Giovani e volontariato: da ribellione a opportunità

da | Apr 4, 2011 | Opinioni a confronto, Politiche sociali, Progetti in collaborazione, Storia e cronaca, Volontariato | 0 commenti

di Michele Barghini

BRUXELLES. E’ uscito il mese scorso il rapporto “La mobilità dei giovani volontari in Europa”, commissionato dal Comitato delle Regioni dell’Unione Europea per tentare una valutazione su di un fenomeno non molto studiato. Considerata anche la qualifica del 2011 come Anno Europeo del Volontariato, il Comitato ha cercato di ottenere un resoconto complessivo che rendesse ragione da più punti di vista delle azioni di volontariato transfrontaliero attualmente disponibili nell’Unione. I risultati, tuttavia, non si sono dimostrati tra i più incoraggianti. Il volontariato transfrontaliero infatti non gode di splendida salute.

I dati rilevati dai realizzatori del rapporto mostrano che il tipico volontario è donna, tra i 22 e i 26 anni, con un elevato grado di istruzione e proveniente da un ceto tendenzialmente benestante; questi dati la dicono lunga su quali sono i problemi maggiormente riscontrati dai giovani nell’intraprendere una esperienza di volontariato all’estero. Segnatamente si tratta di difficoltà economiche: le cifre pur minime richieste per dedicarsi ad un periodo di servizio all’estero sono inaffrontabili,  mentre in molti casi di persone che non lavorano la permanenza all’estero fa perdere i contributi di disoccupazione.

Ci sono inoltre ostacoli culturali: molte famiglie vedono l’esperienza come una perdita di tempo, sottratto al lavoro e/o allo studio, mentre nei paesi dell’Est il concetto di volontariato riporta alla mente più l’idea di lavoro forzato che quella di altruismo. Problemi amministrativi sono invece l’assenza di uno statuto giuridico condiviso e i problemi conseguenti per ottenere permessi di soggiorno, il tentativo di alcuni Stati di far passare il contributo minimo dei volontari come stipendio, quindi tassandolo, la mancanza totale di una forma di riconoscimento delle competenze acquisite.

Tutto questo è spesso causa, o effetto, di una cattiva gestione dei programmi, con le organizzazioni che, lamentano i volontari, talora non preparano abbastanza all’esperienza (ad esempio, non fornendo corsi adeguati di lingua locale), non forniscono informazioni adeguate prima della partenza, non svolgono opera di tutoraggio in misura sufficiente. Molti volontari accusano poi una generale scarsità di informazioni diffuse sulle possibilità di volontariato in Europa; oppure non trovano, al momento dell’arrivo in loco, la possibilità di interagire con le comunità locali.
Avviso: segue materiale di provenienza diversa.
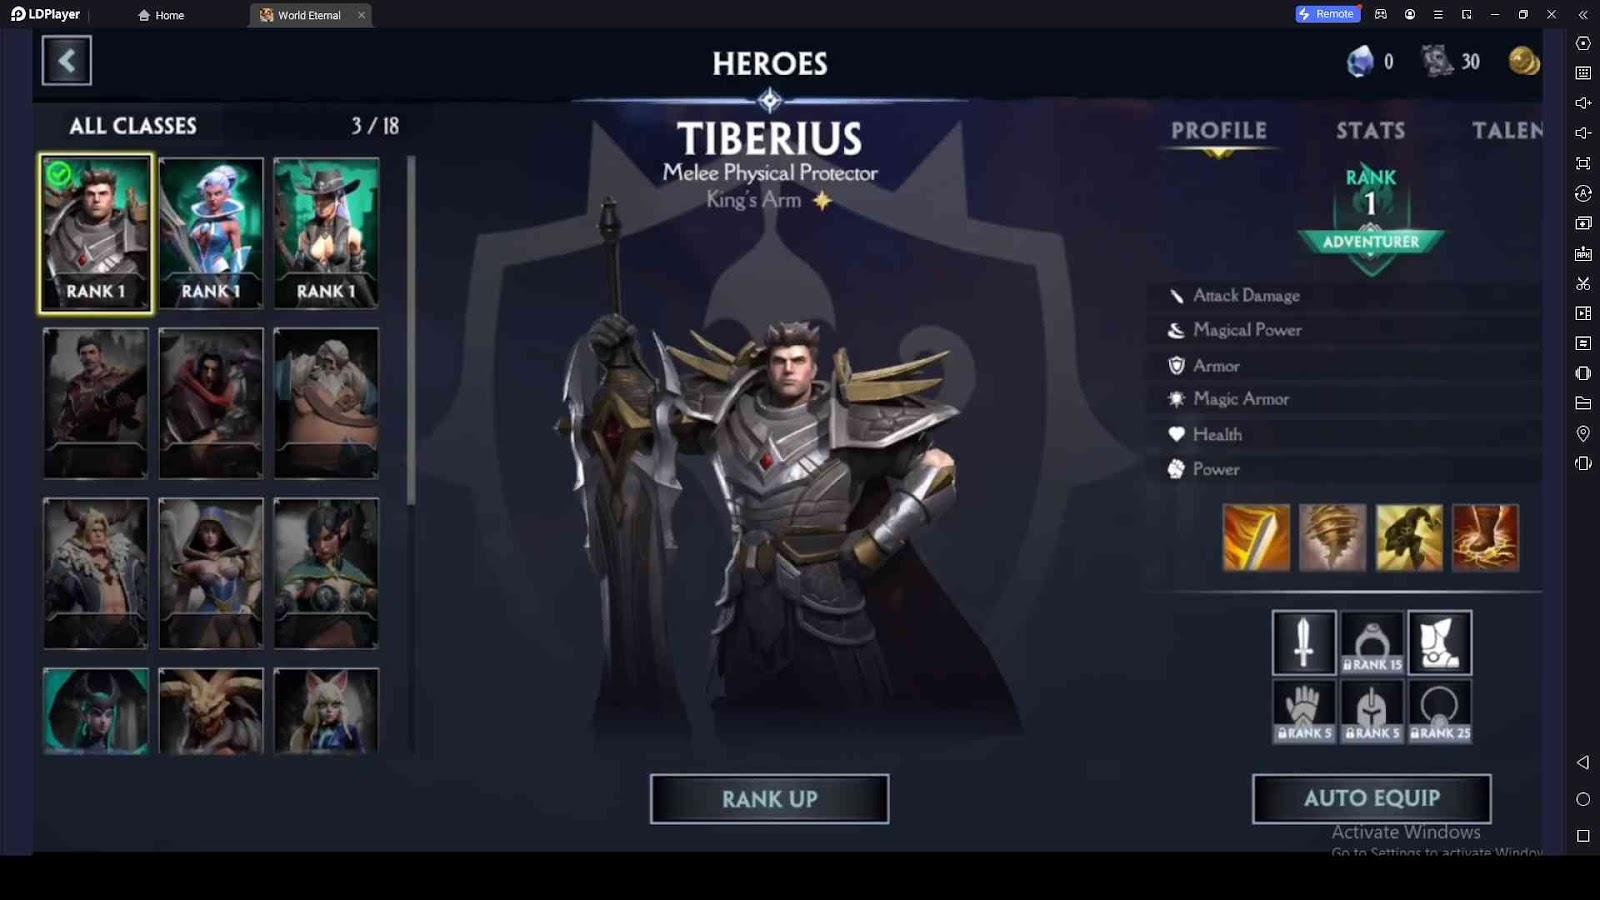 Promote the Rank of Your Hero

Tutto ciò costituisce un’occasione perduta, a detta dello studio, perché dalle interviste risulta come il volontariato transfrontaliero sia una opportunità altamente formativa; imparare a gestirsi da soli, conoscere una lingua ed una cultura diverse, lavorare in gruppo, gestire un progetto, allacciare legami duraturi all’estero, sono tutte acquisizioni sul campo che hanno un riscontro anche presso la comunità ospitante, la quale si arricchisce in parallelo.

Ed è sempre più evidente dai sondaggi che questo genere di esperienze, un tempo di “ribellione” e rottura nei confronti di un sistema, o di disinteressato altruismo, oggi sono viste come opportunità di carriera e formazione personale. Da qui la moda del volontariato estero à la carte, in luoghi attentamente selezioni, e per periodi brevi o brevissimi; una sorta di turismo-buonismo politicamente corretto che qualche autore ha valutato con crescente freddezza.

Alle nuove generazioni, tuttavia, il giudizio talora severo dell’accademia pare importare ben poco.